Cardiff Airport could be bought by the Welsh Government amid an effort to turn its fortunes around and make it a key part of the country's economic growth plans.
First Minister Carwyn Jones said his officials had entered an exclusive due diligence agreement with the airport's current owner, TBI, and may proceed towards a re-nationalisation subject to the satisfactory completion of financial, legal and "value for money" considerations.
Announcing the agreement, Mr Jones said: "Over the past 12 months, I have repeatedly emphasised the importance to Wales of a dynamic international gateway airport in Cardiff.
"During the course of the year we have developed a very constructive and positive relationship with TBI.
"Together we have been discussing how best to develop the airport to position it for the challenges ahead.
"I can today announce the Welsh Government has agreed with TBI to progress towards the purchase of Cardiff Airport.
"Such an arrangement would enable us to develop a more coherent approach to our national infrastructure planning, and integrate the airport into our wider economic development strategy."
The airport has been struggling in recent years and is on course to record its weakest passenger numbers for 15 years in 2012.
There were 1.2 million people who used the airport in 2011 - far fewer than the airport's record total of just over two million in 2007.
A major setback was the loss of bmibaby from Cardiff as the airline had operated 11 routes.
The airport's decline was seized upon by Mr Jones earlier this year when he publicly criticised the airport's owners and urged them to properly invest in it or put it up for sale.

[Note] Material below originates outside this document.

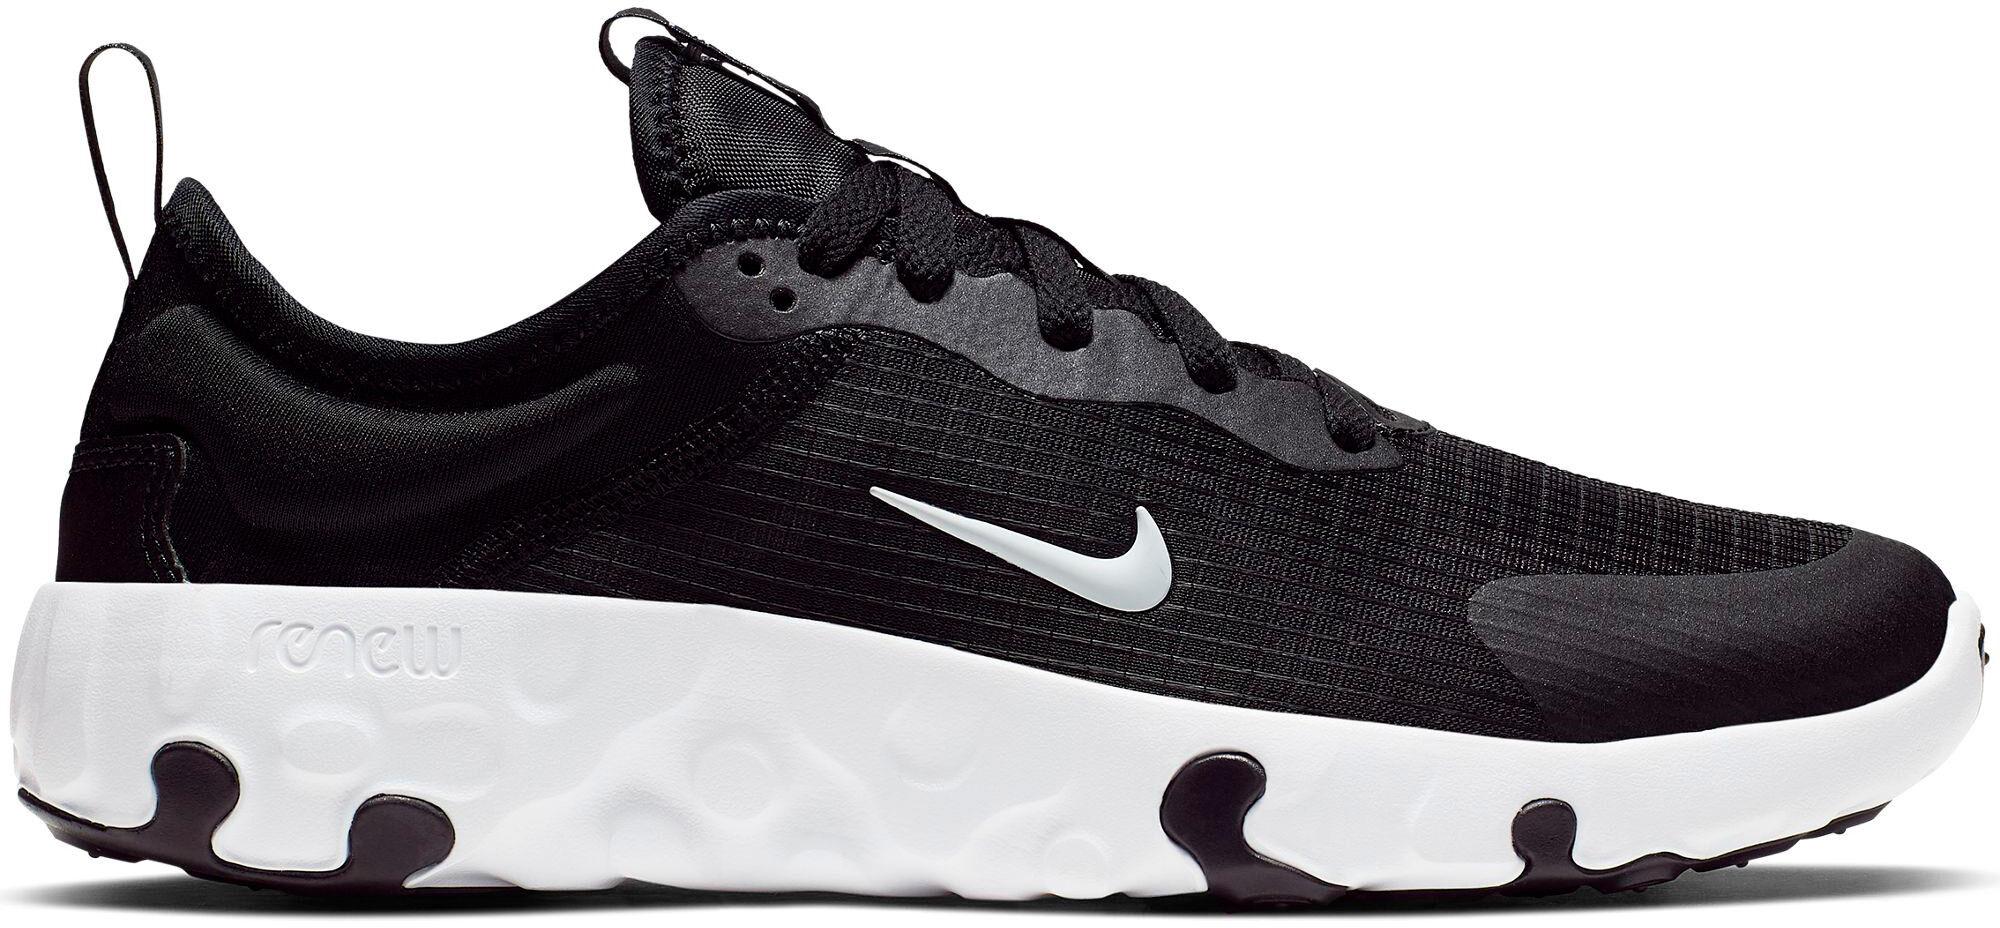 Zapatillas Nike Niña Talla 22 Y 23 Zapatillas Nuevo en

He said the plan would be for an independent operator to run it on a "commercial basis" on behalf of the government, adding that it would not receive subsidies and must "demonstrate a return to the taxpayer".
His immediate goal would be to return passenger growth but admitted the ultimate goal was to secure long-haul flights to Middle Eastern destinations such as Dubai, as well as a North Atlantic route.
"They would be very useful to Wales," he added, while refusing to be drawn on a price the Government would be willing to pay.
The announcement drew criticism from his political rivals.
Liberal Democrat Assembly Member Eluned Parrott expressed concerns about the practicality as well as the cost to the public of the change of ownership.
She said: "I feel the airport will simply become a money pit, sucking in public funds at a time of economic restraint which will deliver no obvious return."
Welsh Labour's biggest rival, the Conservatives, also voiced scepticism over the plan.
Tory AM Byron Davies said: "For years, Welsh Labour Ministers have idly watched a decline in passenger numbers at Cardiff Airport.
"The First Minister has taken every opportunity to run down Cardiff Airport's reputation and force it into a position of weakness and thereby making it vulnerable to Welsh Government takeover.
"It is the role of government to provide first-class public services and create the conditions for a prosperous and competitive economy - rather than pursuing an ideological dreamland where everything is owned and controlled by the state."
But leader of Welsh nationalist party Plaid Cymru Leanne Wood said she would welcome public ownership of the airport.
"Cardiff needs to see the development of our international airport so that it is run properly, that it offers a wide choice of destinations at affordable prices and is a good shop front for people visiting this country," she said.
"Cardiff Airport, in its current state, offers none of these things."